Unnamed: 0,customer_id,customer_unique_id,customer_zip_code_prefix,customer_city,customer_state
0,06b8999e2fba1a1fbc88172c00ba8bc7,861eff4711a542e4b93843c6dd7febb0,14409,franca,SP
1,18955e83d337fd6b2def6b18a428ac77,290c77bc529b7ac935b93aa66c333dc3,9790,sao bernardo do campo,SP
2,4e7b3e00288586ebd08712fdd0374a03,060e732b5b29e8181a18229c7b0b2b5e,1151,sao paulo,SP
3,b2b6027bc5c5109e529d4dc6358b12c3,259dac757896d24d7702b9acbbff3f3c,8775,mogi das cruzes,SP
4,4f2d8ab171c80ec8364f7c12e35b23ad,345ecd01c38d18a9036ed96c73b8d066,13056,campinas,SP


In [4]:
orders.head()

Unnamed: 0,order_id,customer_id,order_status,order_purchase_timestamp,order_approved_at,order_delivered_carrier_date,order_delivered_customer_date,order_estimated_delivery_date
0,e481f51cbdc54678b7cc49136f2d6af7,9ef432eb6251297304e76186b10a928d,delivered,2017-10-02 10:56:33,2017-10-02 11:07:15,2017-10-04 19:55:00,2017-10-10 21:25:13,2017-10-18 00:00:00
1,53cdb2fc8bc7dce0b6741e2150273451,b0830fb4747a6c6d20dea0b8c802d7ef,delivered,2018-07-24 20:41:37,2018-07-26 03:24:27,2018-07-26 14:31:00,2018-08-07 15:27:45,2018-08-13 00:00:00
2,47770eb9100c2d0c44946d9cf07ec65d,41ce2a54c0b03bf3443c3d931a367089,delivered,2018-08-08 08:38:49,2018-08-08 08:55:23,2018-08-08 13:50:00,2018-08-17 18:06:29,2018-09-04 00:00:00
3,949d5b44dbf5de918fe9c16f97b45f8a,f88197465ea7920adcdbec7375364d82,delivered,2017-11-18 19:28:06,2017-11-18 19:45:59,2017-11-22 13:39:59,2017-12-02 00:28:42,2017-12-15 00:00:00
4,ad21c59c0840e6cb83a9ceb5573f8159,8ab97904e6daea8866dbdbc4fb7aad2c,delivered,2018-02-13 21:18:39,2018-02-13 22:20:29,2018-02-14 19:46:34,2018-02-16 18:17:02,2018-02-26 00:00:00


In [5]:
items.head()

Unnamed: 0,order_id,order_item_id,product_id,seller_id,shipping_limit_date,price,freight_value
0,00010242fe8c5a6d1ba2dd792cb16214,1,4244733e06e7ecb4970a6e2683c13e61,48436dade18ac8b2bce089ec2a041202,2017-09-19 09:45:35,58.9,13.29
1,00018f77f2f0320c557190d7a144bdd3,1,e5f2d52b802189ee658865ca93d83a8f,dd7ddc04e1b6c2c614352b383efe2d36,2017-05-03 11:05:13,239.9,19.93
2,000229ec398224ef6ca0657da4fc703e,1,c777355d18b72b67abbeef9df44fd0fd,5b51032eddd242adc84c38acab88f23d,2018-01-18 14:48:30,199.0,17.87
3,00024acbcdf0a6daa1e931b038114c75,1,7634da152a4610f1595efa32f14722fc,9d7a1d34a5052409006425275ba1c2b4,2018-08-15 10:10:18,12.99,12.79
4,00042b26cf59d7ce69dfabb4e55b4fd9,1,ac6c3623068f30de03045865e4e10089,df560393f3a51e74553ab94004ba5c87,2017-02-13 13:57:51,199.9,18.14


### Finding the number of users who made only one purchase

In [6]:
# Merging two dataframes
df1 = orders.merge(customers)

In [7]:
# Replacing all NaN values by zero
df1 = df1.fillna(0)

# Filtering of unpaid orders
df1 = df1.query('order_approved_at != 0')

In [8]:
# Grouping purchases by paid orders
df1 = df1.groupby('order_approved_at', as_index=False)\
            .agg({'order_id': 'count'})\
            .rename(columns={'order_id': 'order_count'})

In [9]:
# Finding users who have made only one purchase
single_order = df1.query('order_count == 1').shape[0]
print('The data contains {} users who have made only one purchase'.format(single_order))

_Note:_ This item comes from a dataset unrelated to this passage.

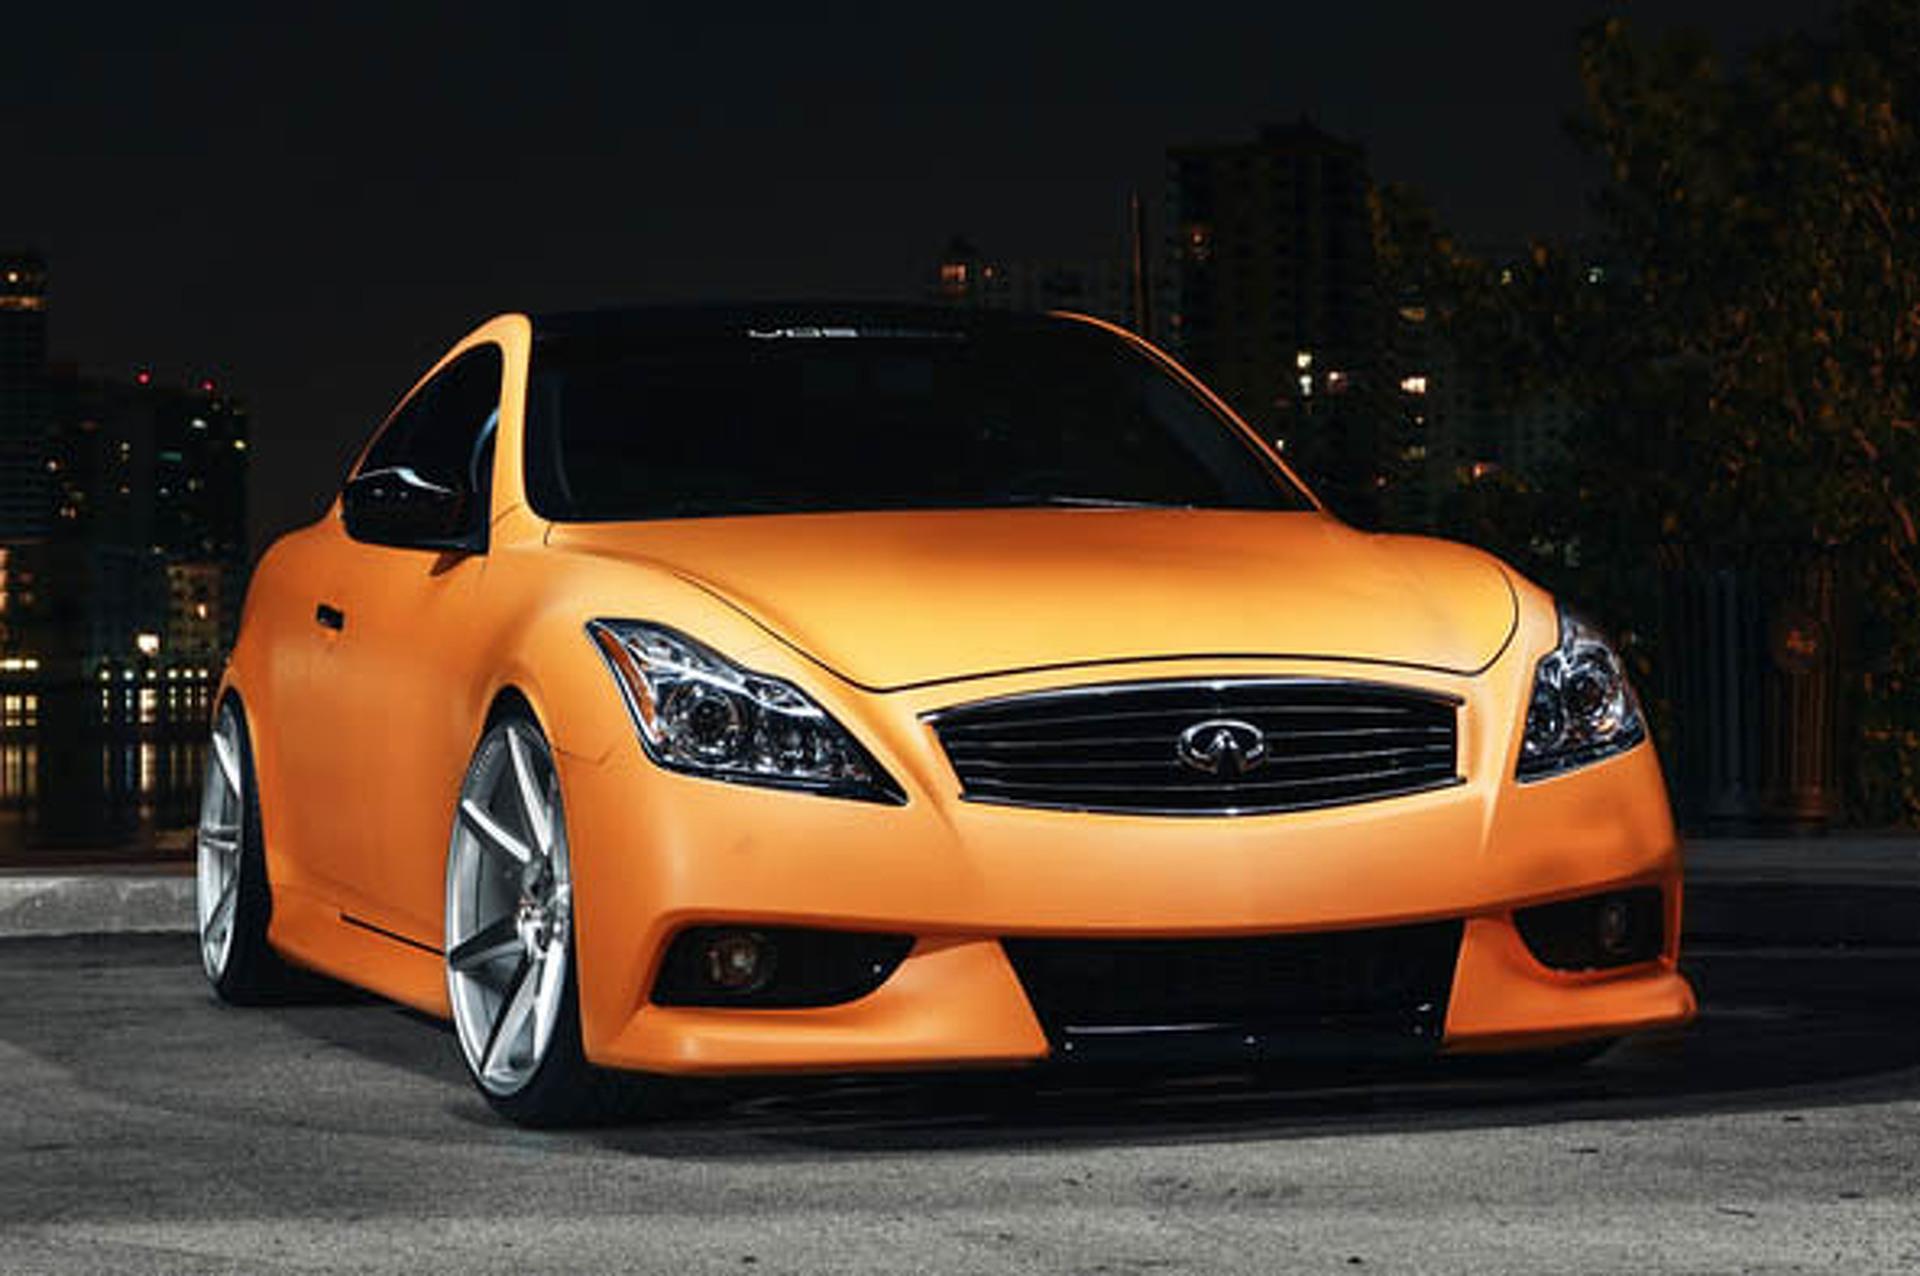 Vossen Infiniti G37 Receives an Epic Orange Makeover

The data contains 83688 users who have made only one purchase


### Determining the average number of non-deliverable orders per month

In [10]:
# Formatting the date in database
orders.order_approved_at = pd.to_datetime(orders.order_approved_at)

In [11]:
# Finding the earliest date
start_order_date = orders.order_approved_at.min()

# Finding the latest date
end_order_date = orders.order_approved_at.max()

In [12]:
# Determining the number of months contained in the dataset
month_count = round((end_order_date - start_order_date).days / 30)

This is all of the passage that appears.